I bought them all second hand separately


----------



## frodus (Apr 12, 2008)

Where did they buy it?

These files aren't readily available publicly, so I'd touch base with the original distributor/reseller or check with motenergy.


----------



## etlaare (Aug 25, 2009)

frodus said:


> Where did they buy it?
> 
> These files aren't readily available publicly, so I'd touch base with the original distributor/reseller or check with motenergy.


I bought the ME0913 new from them but they don't want to help me with the dcf because I am in Europe.

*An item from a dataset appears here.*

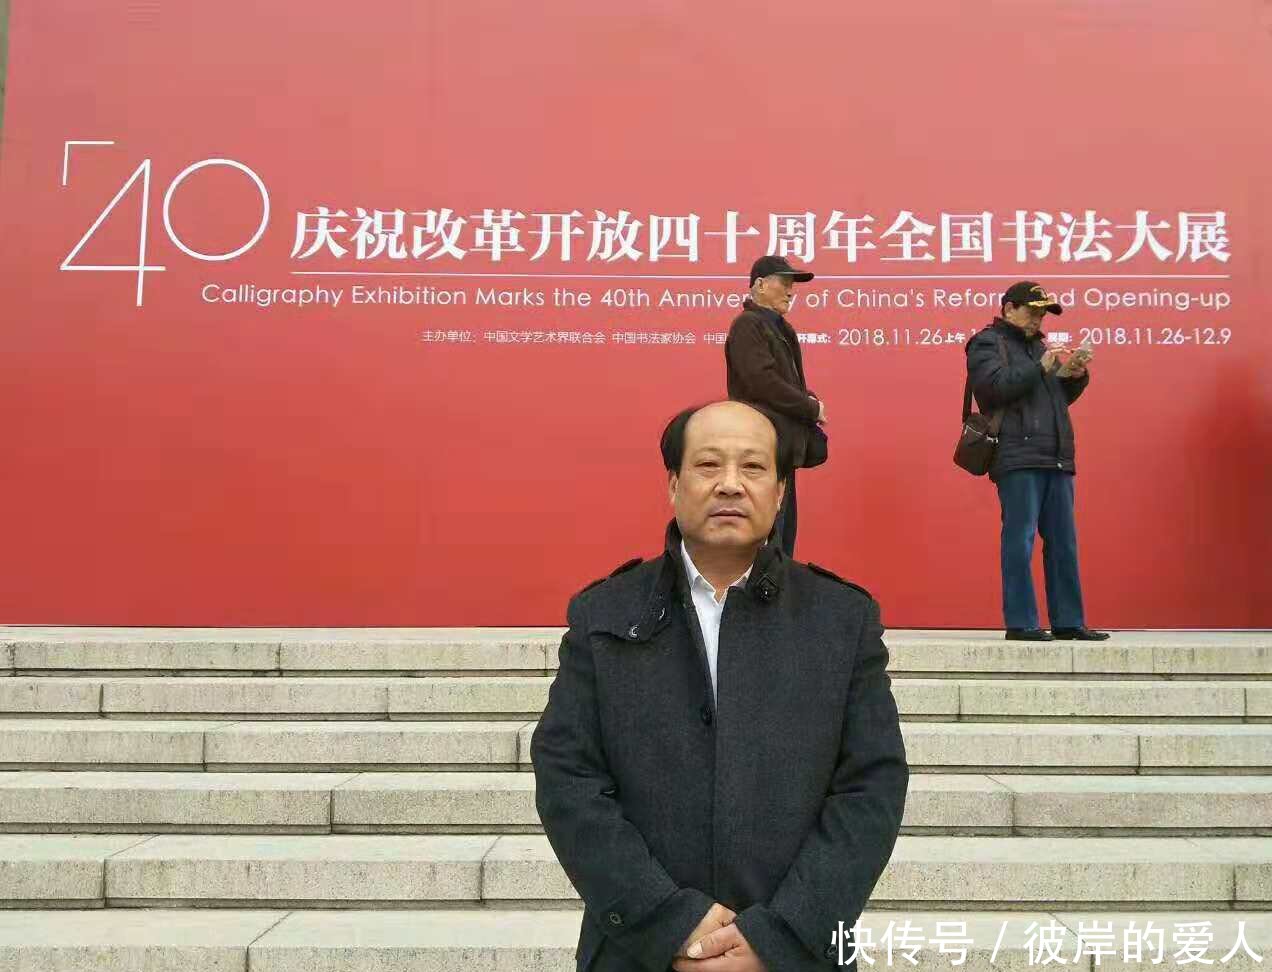 阮成森老师参加庆祝改革开放四十周年全国书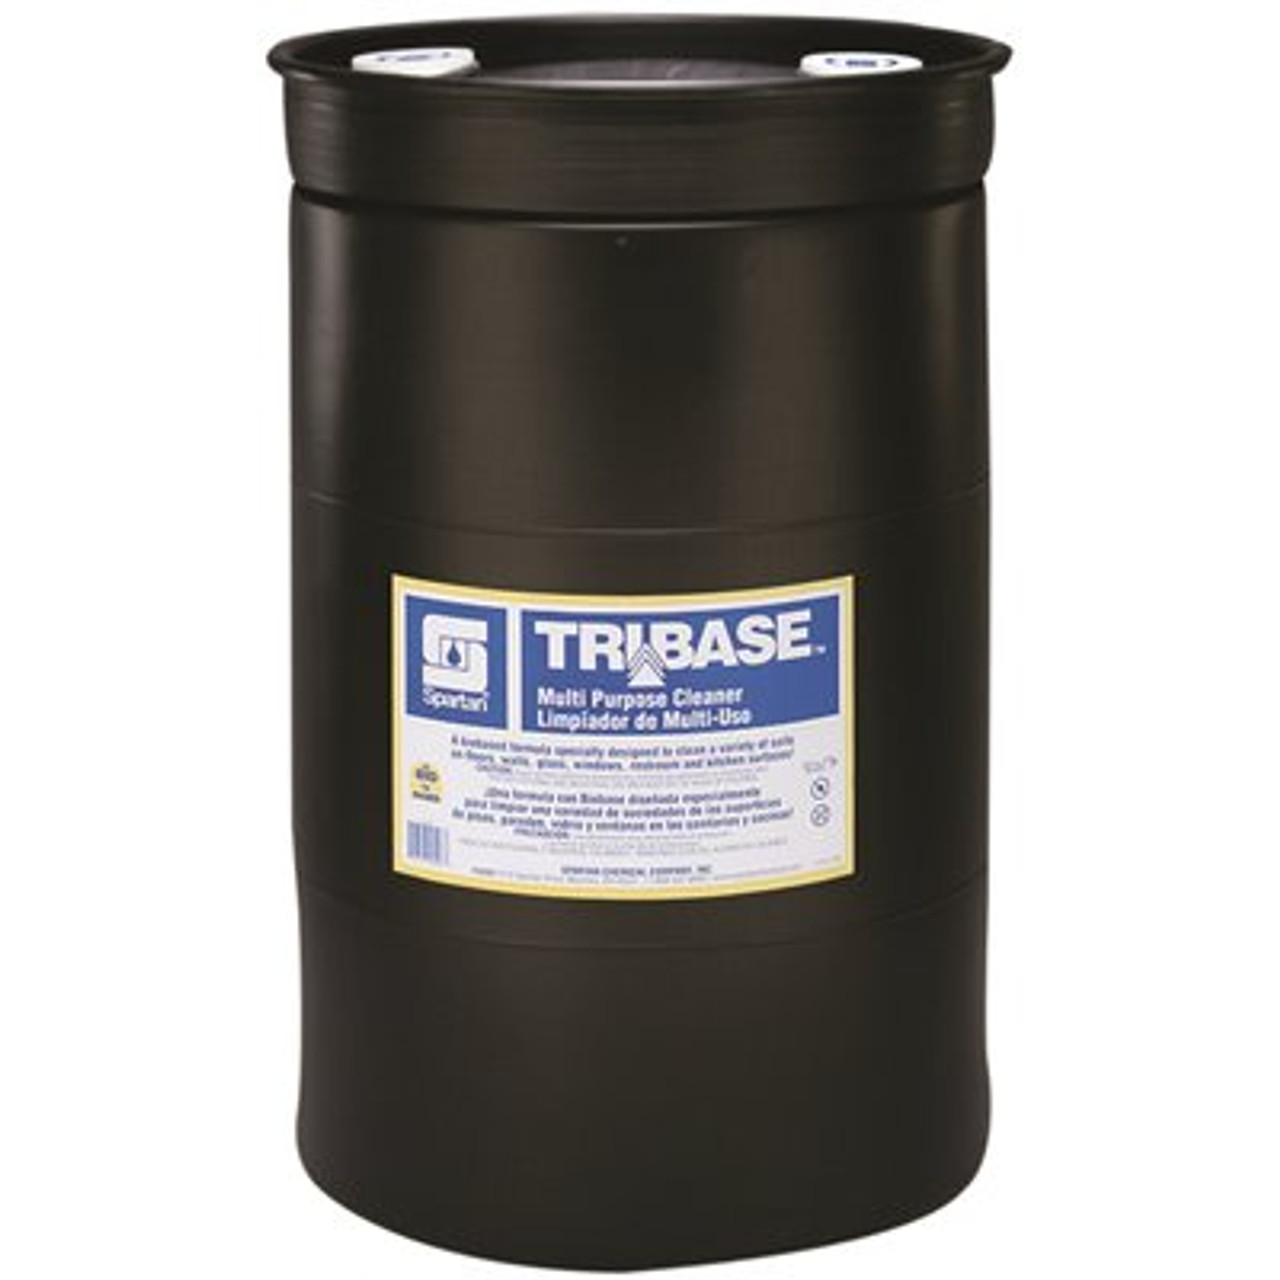 Spartan Chemical Company Tribase 30 Gallon Citrus Scent Multi Purpose Cleaner

But why should it be such a fuzz ? 
Anybody with this configuration could save their dcf with the DVT and share it.


----------



## frodus (Apr 12, 2008)

Most people don't have dvt and a dongle. 

good luck.


----------



## etlaare (Aug 25, 2009)

got it running now 

Will share a blog soon.


----------



## Petermannen (Oct 15, 2020)

etlaare said:


> got it running now
> 
> Will share a blog soon.


Hi, what max rpm do you get out from that combo? With my config file I can not get the motor above 2888rpm. 
/Peter


----------



## riwe (Nov 17, 2011)

Petermannen said:


> Hi, what max rpm do you get out from that combo? With my config file I can not get the motor above 2888rpm.
> /Peter


Hej Peter!

Under motor configuration, what value do you have on Minimum Magnitizing current (lm_min)? I should be around -200 to -250

Sounds like your controller isnt doing an field weakning and becuase of this the motor will not rev.


----------



## Petermannen (Oct 15, 2020)

Hej!
Thanks for the input.
Well it was set to 0.0. 
Is it safe to try 200?
I have now a 48v pack, sevcon gen4 size4 and a ME0913 motor. 
/P


----------



## Petermannen (Oct 15, 2020)

riwe said:


> Hej Peter!
> 
> Under motor configuration, what value do you have on Minimum Magnitizing current (lm_min)? I should be around -200 to -250
> 
> Sounds like your controller isnt doing an field weakning and becuase of this the motor will not rev.


Hej again,
Tested -200, -220, -250
The motor RPM went up to 2912RPM and started to swing between 2100 and 2900RPM. So there must be some other setting im missing 
Best regards, Peter


----------